• [Dataset extract]
________________________________________

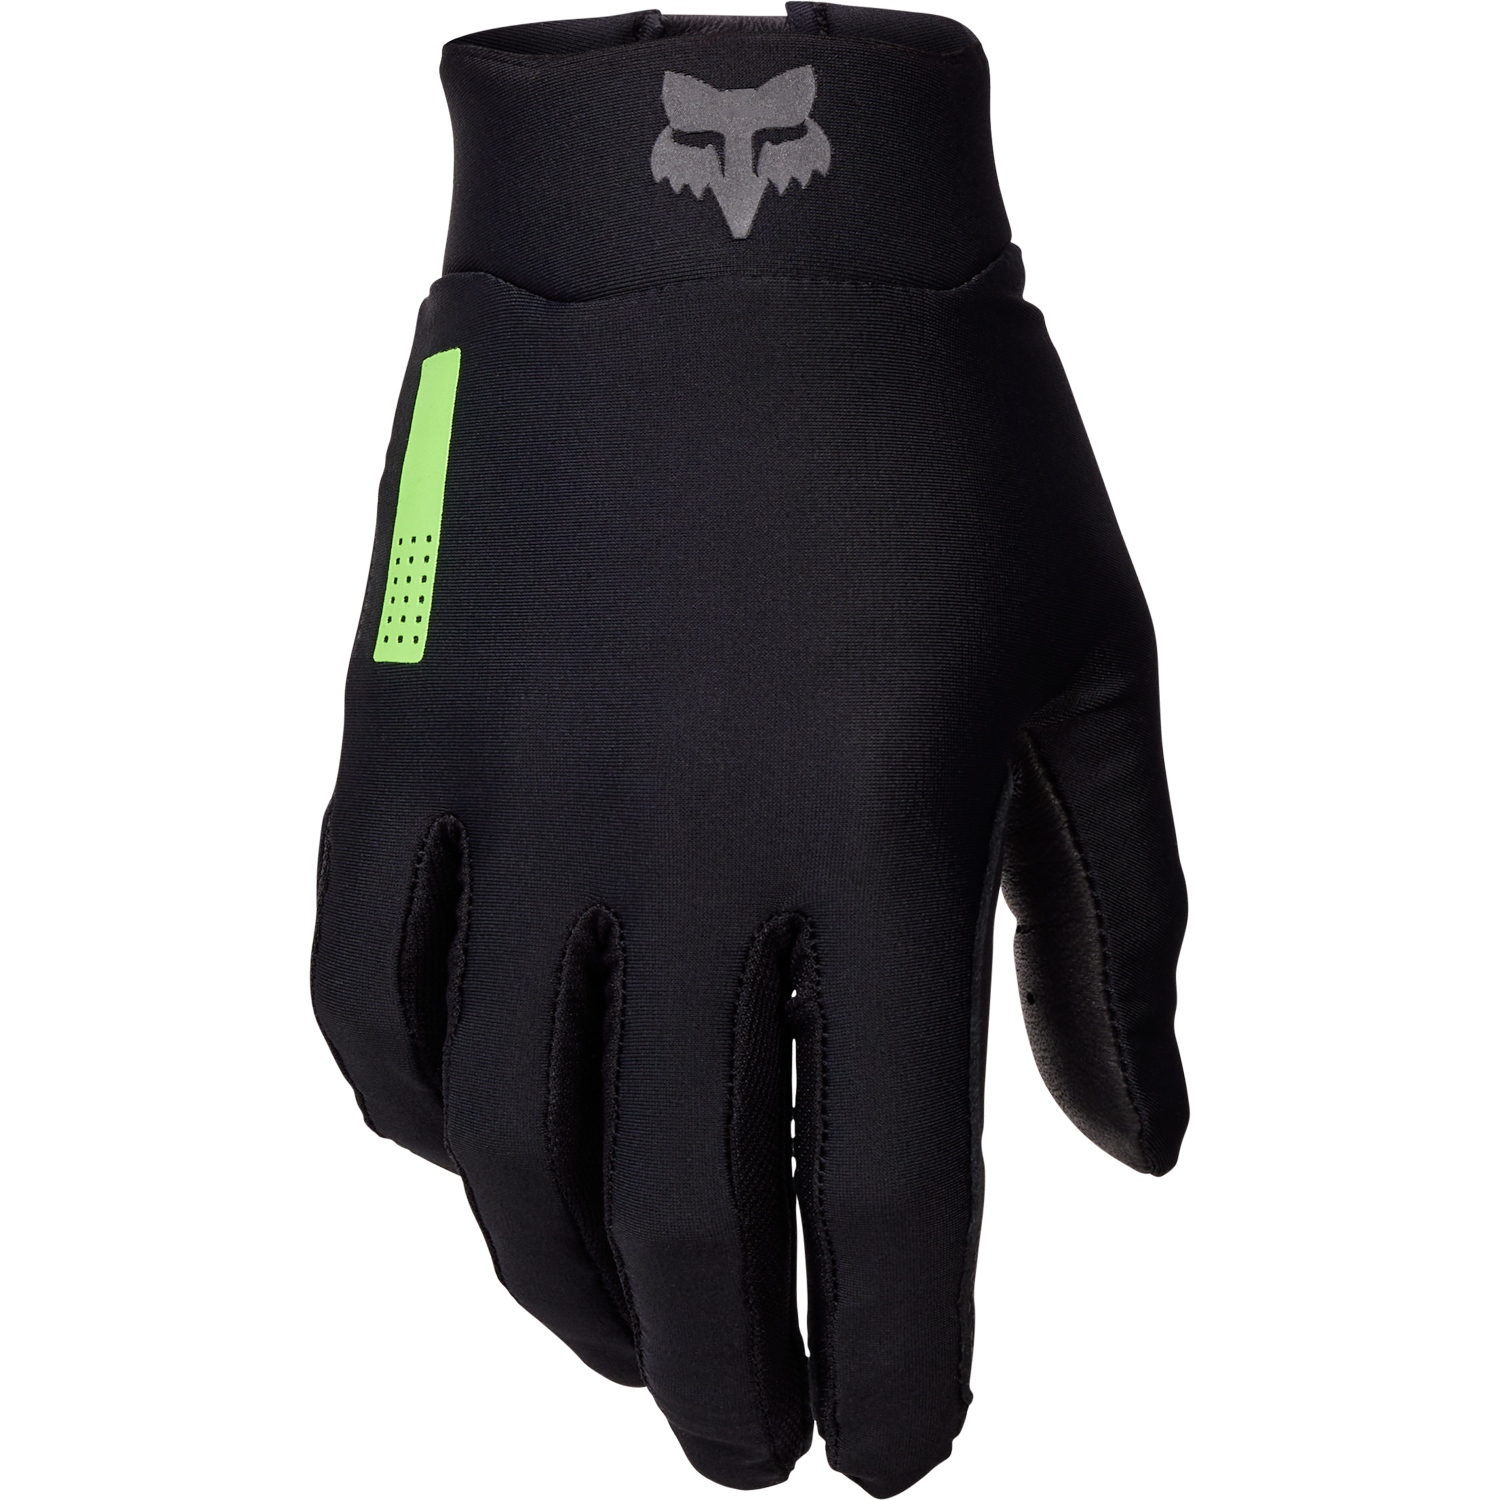 Produktbild von FOX Flexair MTB Handschuhe Herren - 50 Years Edition - schwarz
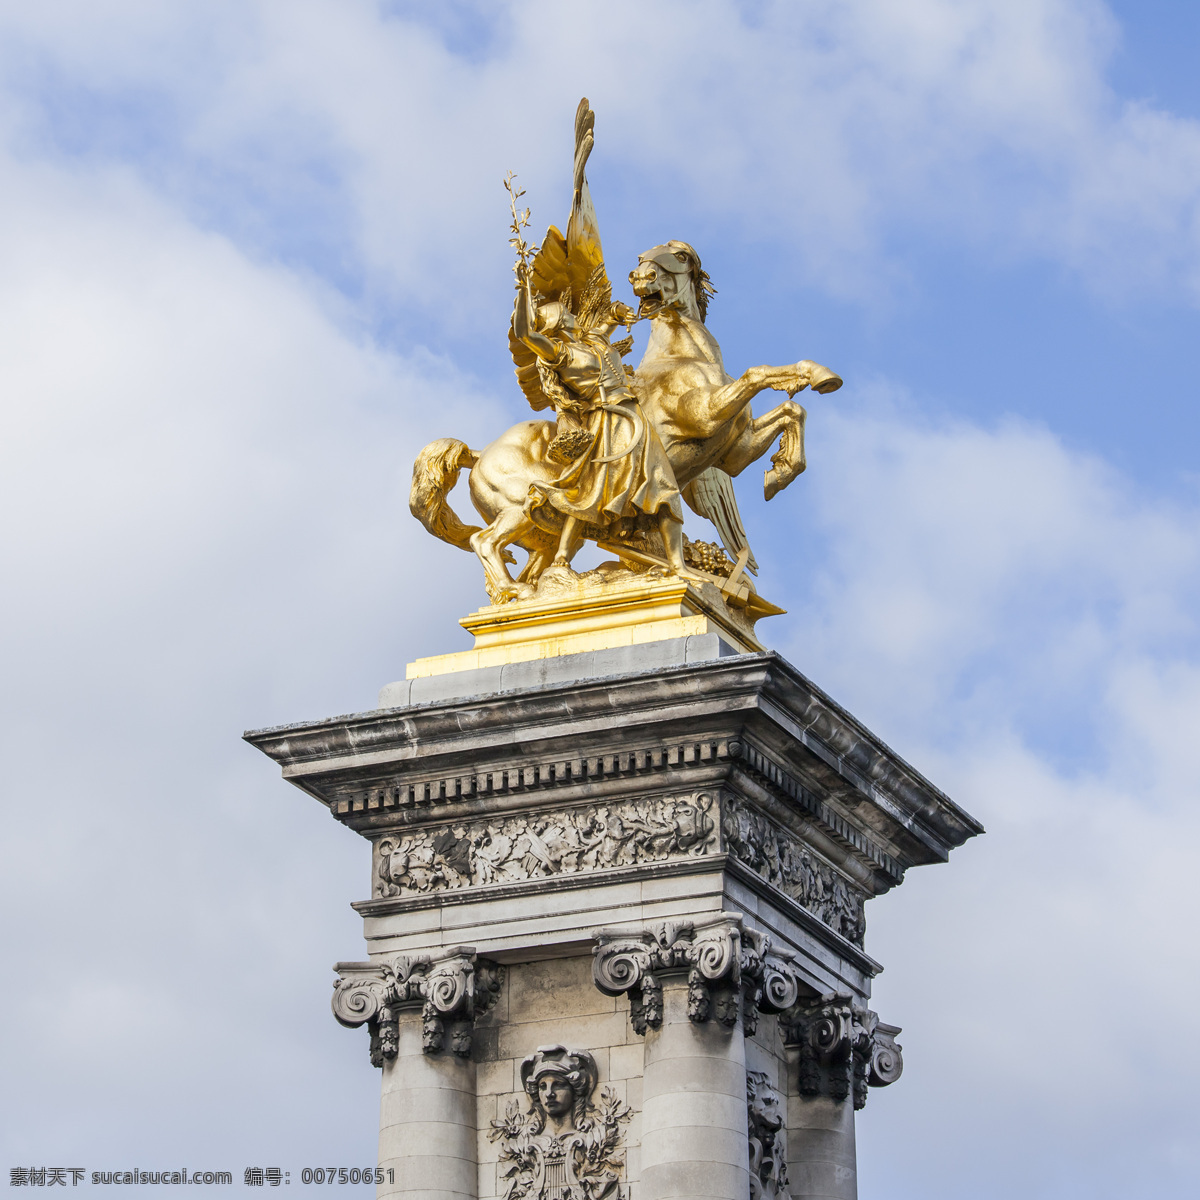 亚历山大 三世 桥 飞马 雕塑 城市雕塑 金色雕塑 巴黎风光 法国旅游景点 建筑风景 风景摄影 美景 风景名胜 风景图片
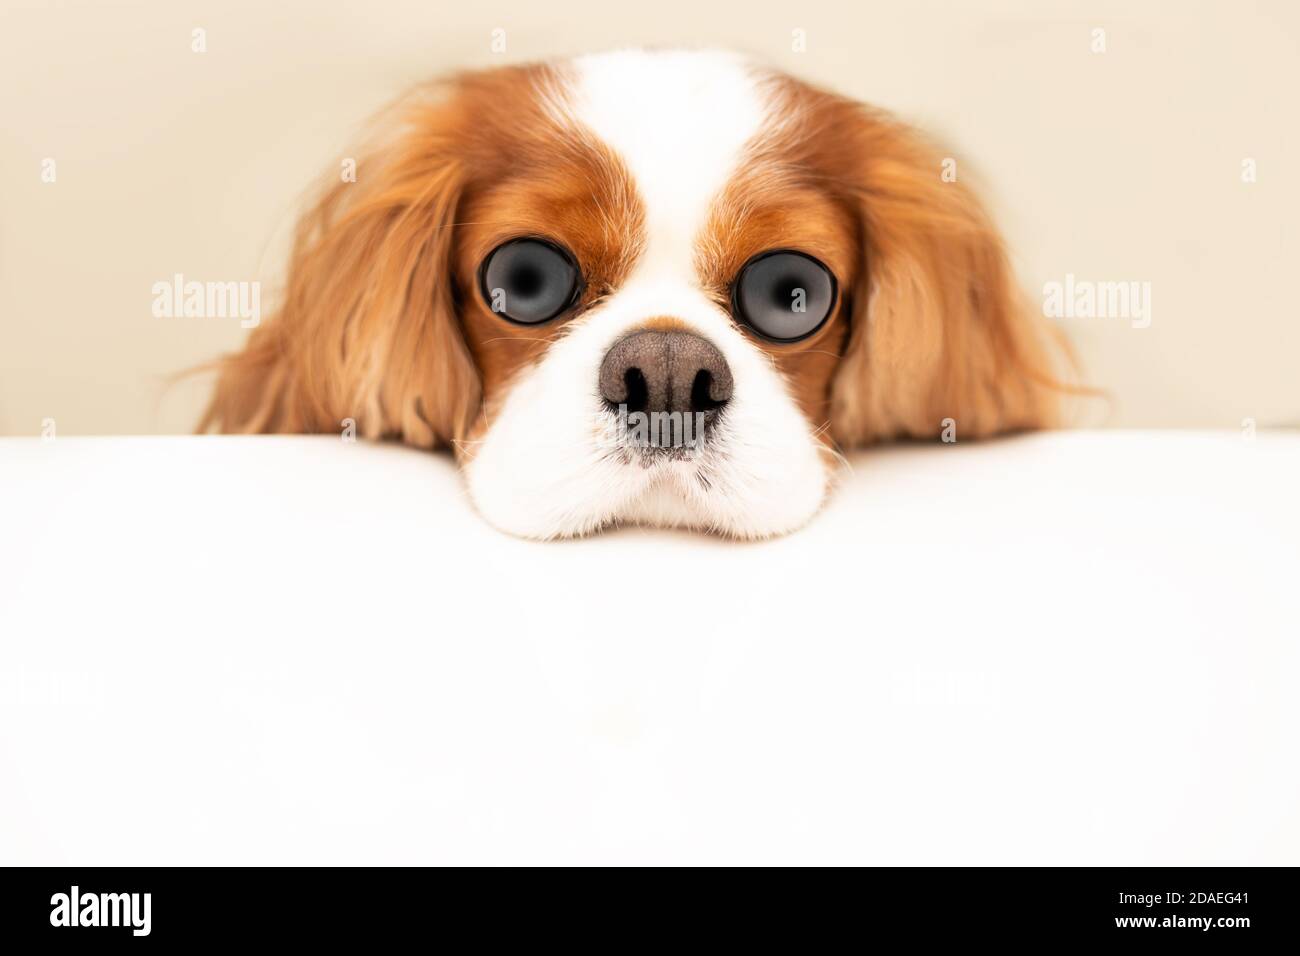 Divertente foto di un cane con gli occhi gonfi e un naso gonfio. Il re Cavalier Charles Spaniel mise la testa sul tavolo. Concetto di umore del cane affamato. Copia Foto Stock

________________________________________

• [Task goal] With the pictures left out, output exactly the lines that begin at the line containing "亚历山大 三世 桥 飞马" and end at the last line of the material.

• [Result for this exercise]
 亚历山大 三世 桥 飞马 雕塑 城市雕塑 金色雕塑 巴黎风光 法国旅游景点 建筑风景 风景摄影 美景 风景名胜 风景图片
 Divertente foto di un cane con gli occhi gonfi e un naso gonfio. Il re Cavalier Charles Spaniel mise la testa sul tavolo. Concetto di umore del cane affamato. Copia Foto Stock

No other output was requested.